The California Watch exposé points out that in 2009 the ACC was waging a PR campaign against proposed state and city plastic shopping bag bans across the U.S. A year later, the ACC managed to help stop California state legislation that would have imposed a ban on plastic shopping bags. However, the ACC could not stop San Francisco and Los Angeles County from enacting bans.
During 2009, California school officials hired a private consultant who added a section to the 11-grade teachers’ edition textbook called “The Advantages of Plastic Shopping Bags.” The expose states that the “title and some of the textbook language were inserted almost verbatim from letters written by the chemistry council.”
Four questions were also added to a workbook, and one of the questions asks students “What are the advantages of using plastic shopping bags?” The teachers’ edition states that the correct answer is: “Plastic shopping bags are very convenient to use. They take less energy to manufacture than paper bags, cost less to transport, and can be reused.”
The state paid the State Education and Environmental Roundtable, a nonprofit group almost $2.4 million from 2004 to 2010 for consulting on the curriculum. Gerald Lieberman, director of the State Education and Environmental Roundtable, said, “I had total control, really, about what comments I accepted or didn’t accept.”
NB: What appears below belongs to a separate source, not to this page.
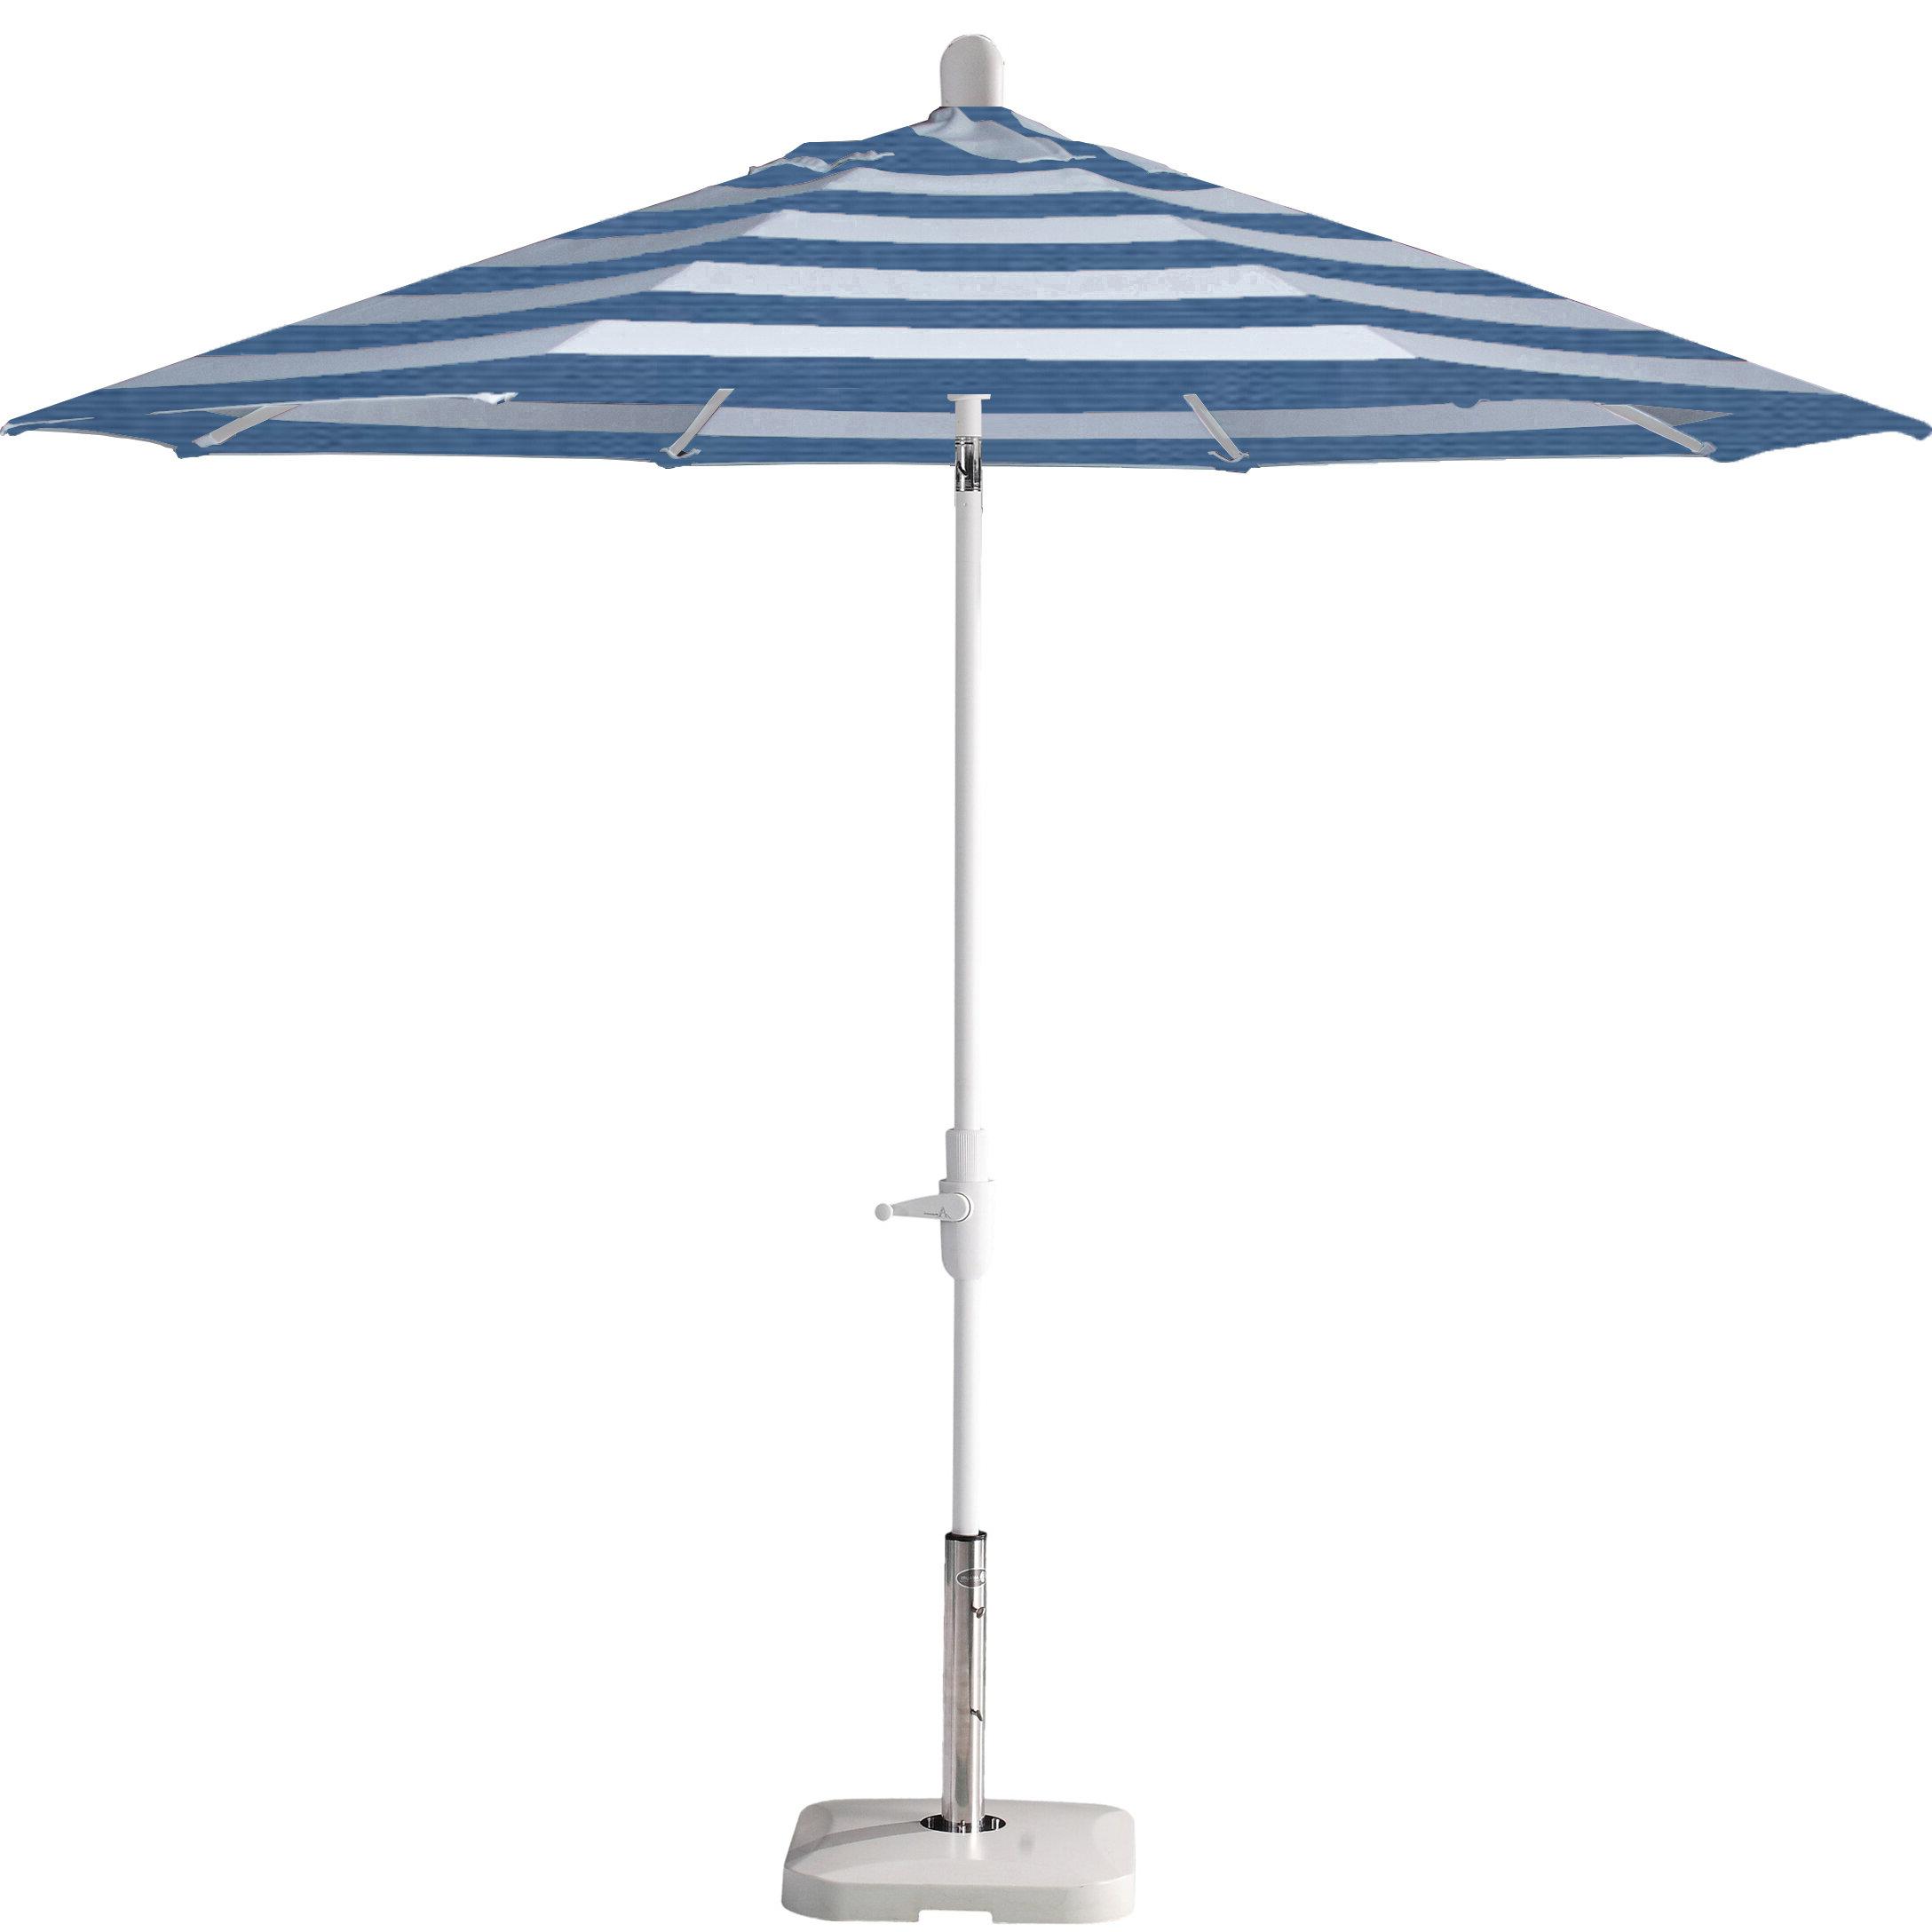 Latest Wiebe Auto Tilt 9' Market Sunbrella Umbrella Inside Wiebe Market Sunbrella Umbrellas (View 5 of 20)
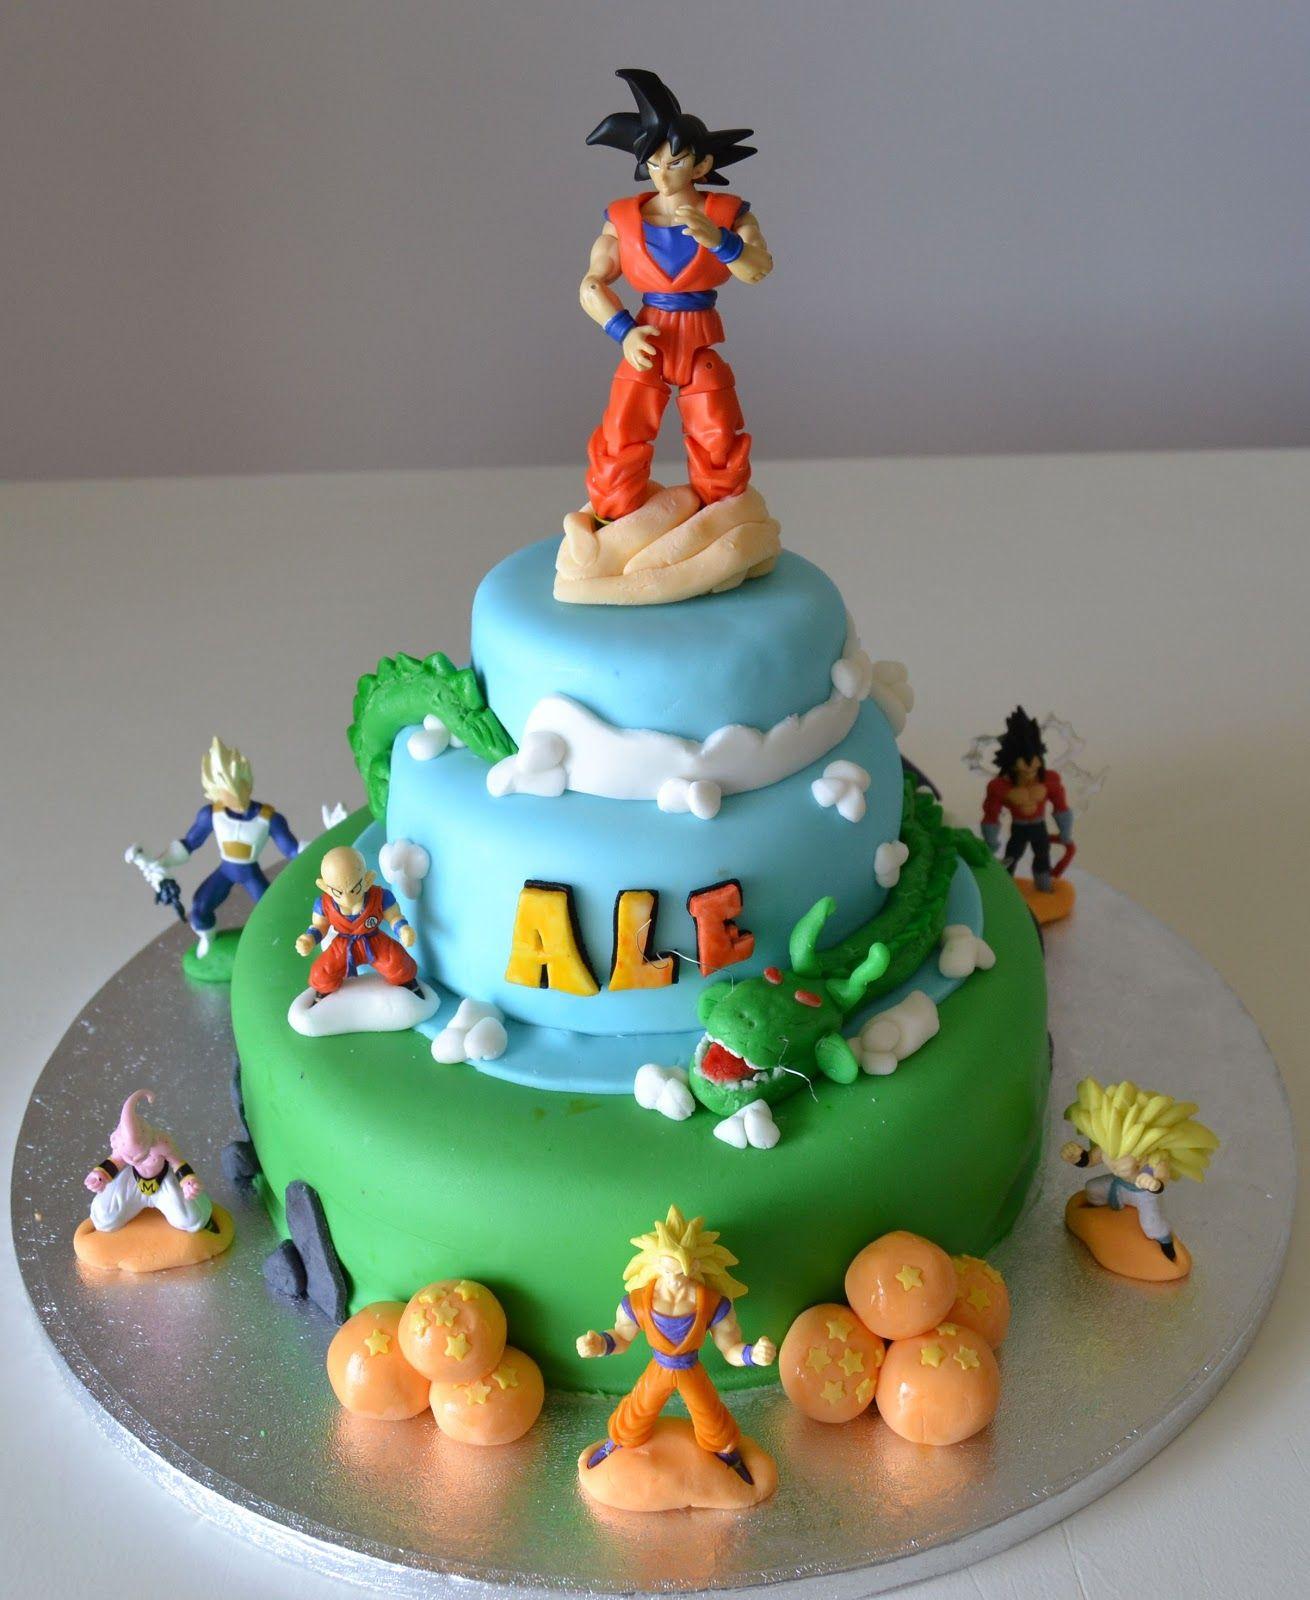 Delanas Cakes Dragon Ball Z Cake Dragon Ball Z Cakes Pinterest

Lieberman added, “Even the ones that came internally. I was happy to have that. It meant I could get it done the way I thought was best.”
After Lieberman received a copy of the letter with the ACC’s criticisms of the 11-grade curriculum, according to the expose, the changes to the plastic shopping bag section were made. The ACC letter said, “To counteract what is perceived as an exclusively negative positioning of plastic bags issues, we recommend adding a section here entitled ‘Benefits of Plastic Shopping Bags.”
Bryan Ehlers, the California EPA’s assistant secretary for education and quality programs, said that other states expressed an interest in using the California textbooks, including Delaware and Maryland.
State Superintendent of Public Instruction Tom Torlakson issued a statement on August 19 that his staff will work with California EPA “to identify any material where further review may be warranted.”